More details about an Apple TV set emerge

Let's separate facts from rumors. Here is what we know: 1) Steve Jobs was focused on developing an Apple TV set when he passed away, and told biographer Walter Isaacson that the current TV interface is broken and that he had figured out a solution. 2) Apple has put together prototype TV sets. 3) Apple has been negotiating with content providers. And here's what we don't know: 1) Whether Apple will actually come out with a TV set. 2) When it would come out with one.

So let's look at some of the most recent scuttle to see if we can fill in the picture a bit. Some of it's quite fascinating. USA Today reported this week that Apple designer Jony Ive has a "slick" prototype of a 50-inch TV in his studio at Apple. If Apple is going to come out with a TV, now is the time, because so called "smart TVs" are going to be touted at next week's Consumer Electronics Show in Las Vegas.
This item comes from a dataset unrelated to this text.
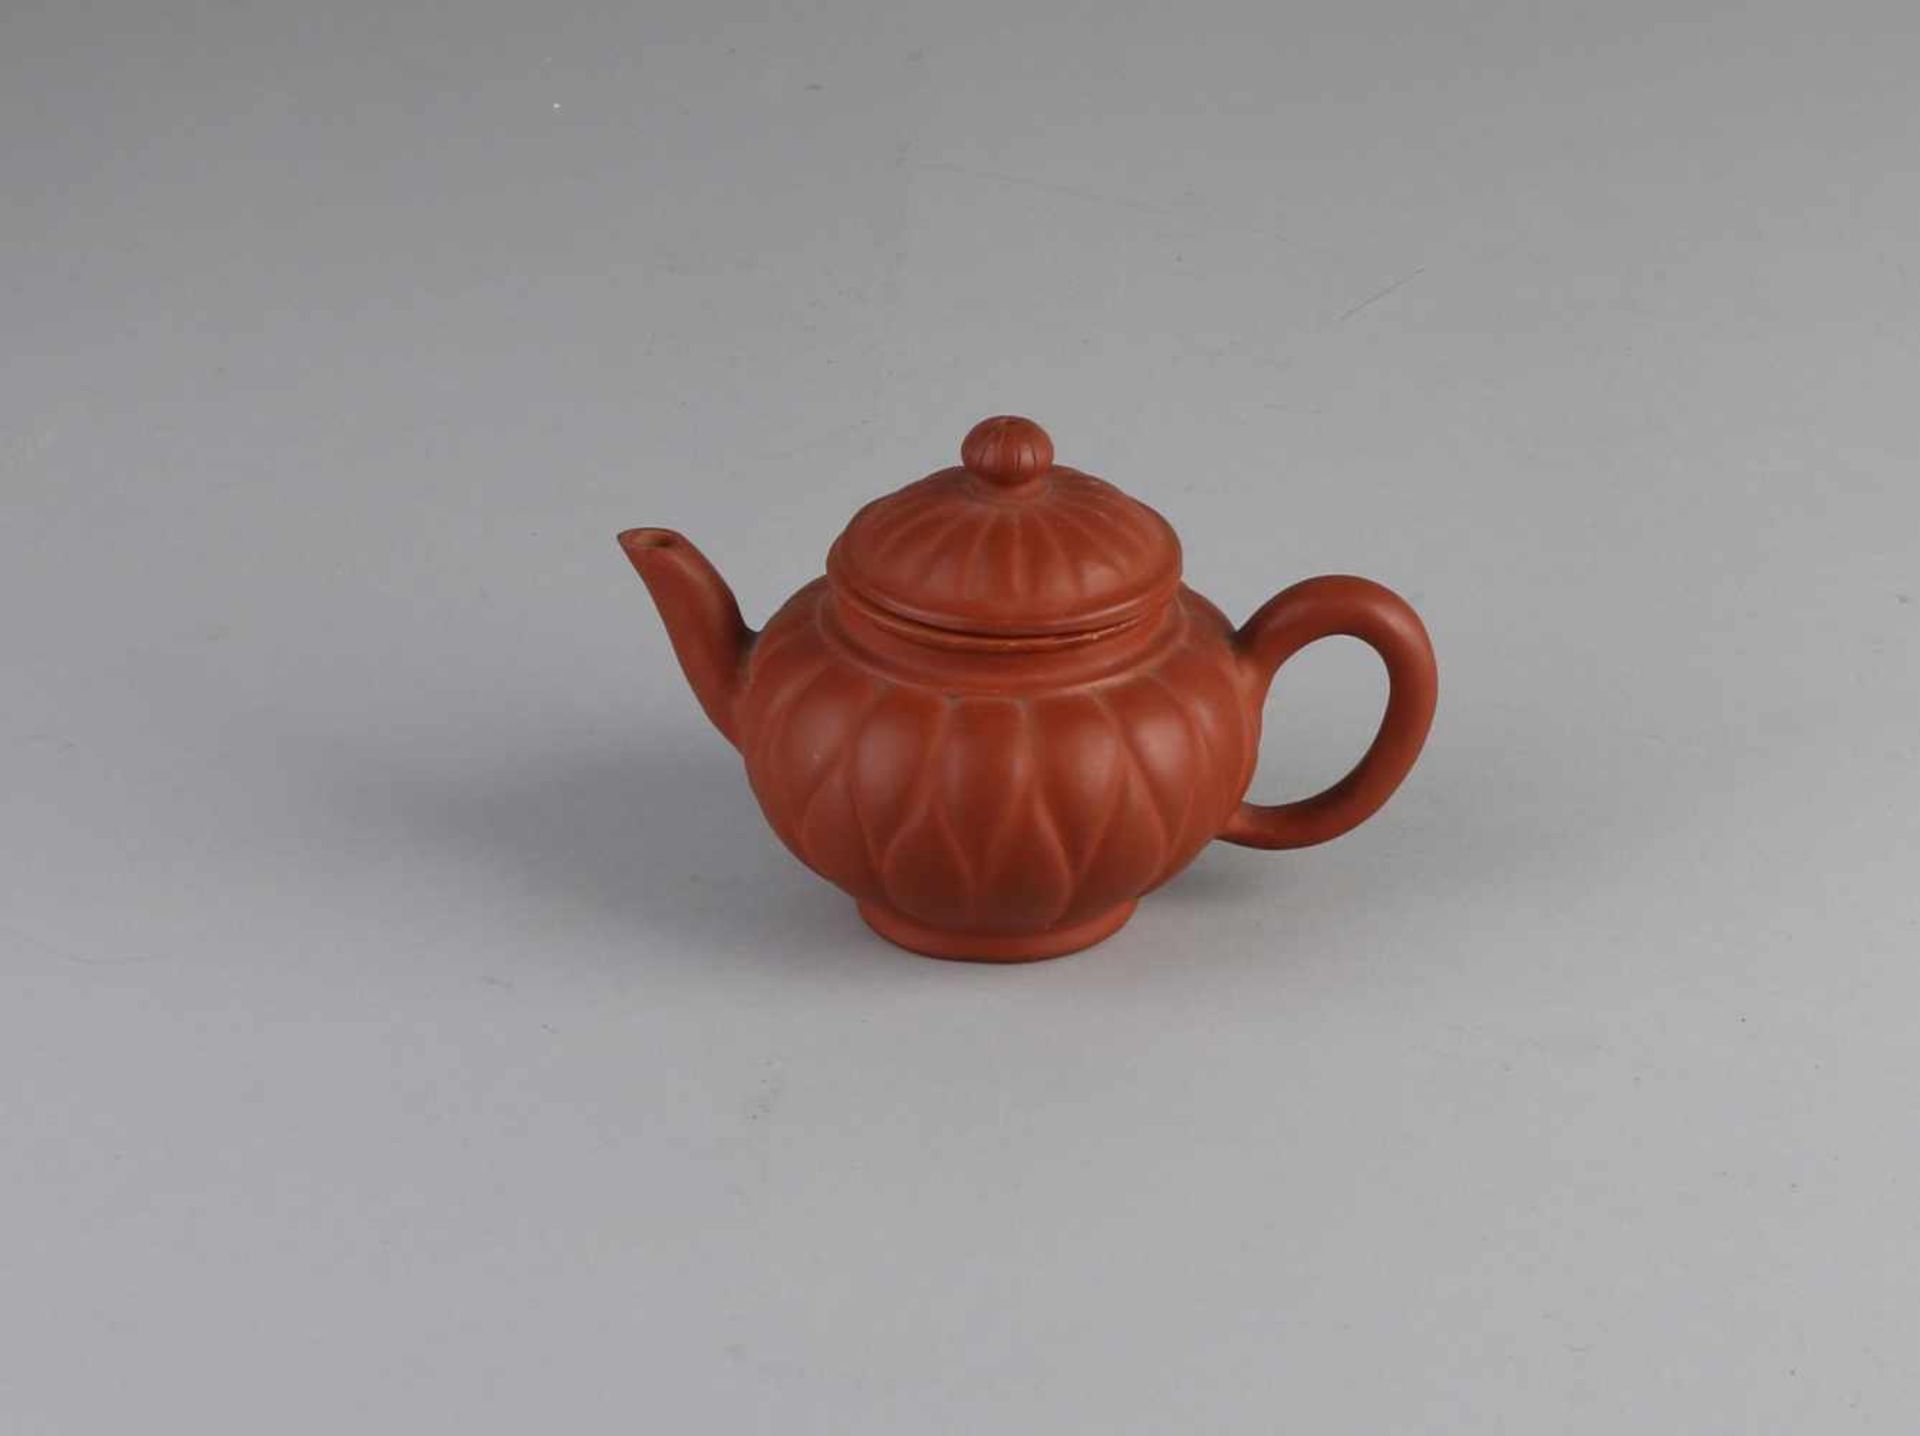 Chinesische Yixing Teekanne mit Bodenmarke. Größe: 8,5 x 14 x Ø 8,5 cm. In guter Kondition.

These TVs will have a more intelligent, easier-to-use interface and will be connected to the Internet. There will be greater ease of searching, and greater integration of network and Internet video. You can read more about the coming smart TVs and connected TVs in the USA Today article and in an article on AppleInsider.

Perhaps the most interesting post recently is AppleInsider's article about Apple's desire to offer customized channel lineups. This, in my mind, is the grail. Why should you pay for 100 channels that you don't use when all you really want are a few favorites? I watch very little TV, but I have some favorites, both online and via network broadcast. I wouild love a customized channel lineup that would give me a bit of sports, a nature channel, CNET videos, the Daily Show, and NBC Nightly News. Right now I have to go several different places for this.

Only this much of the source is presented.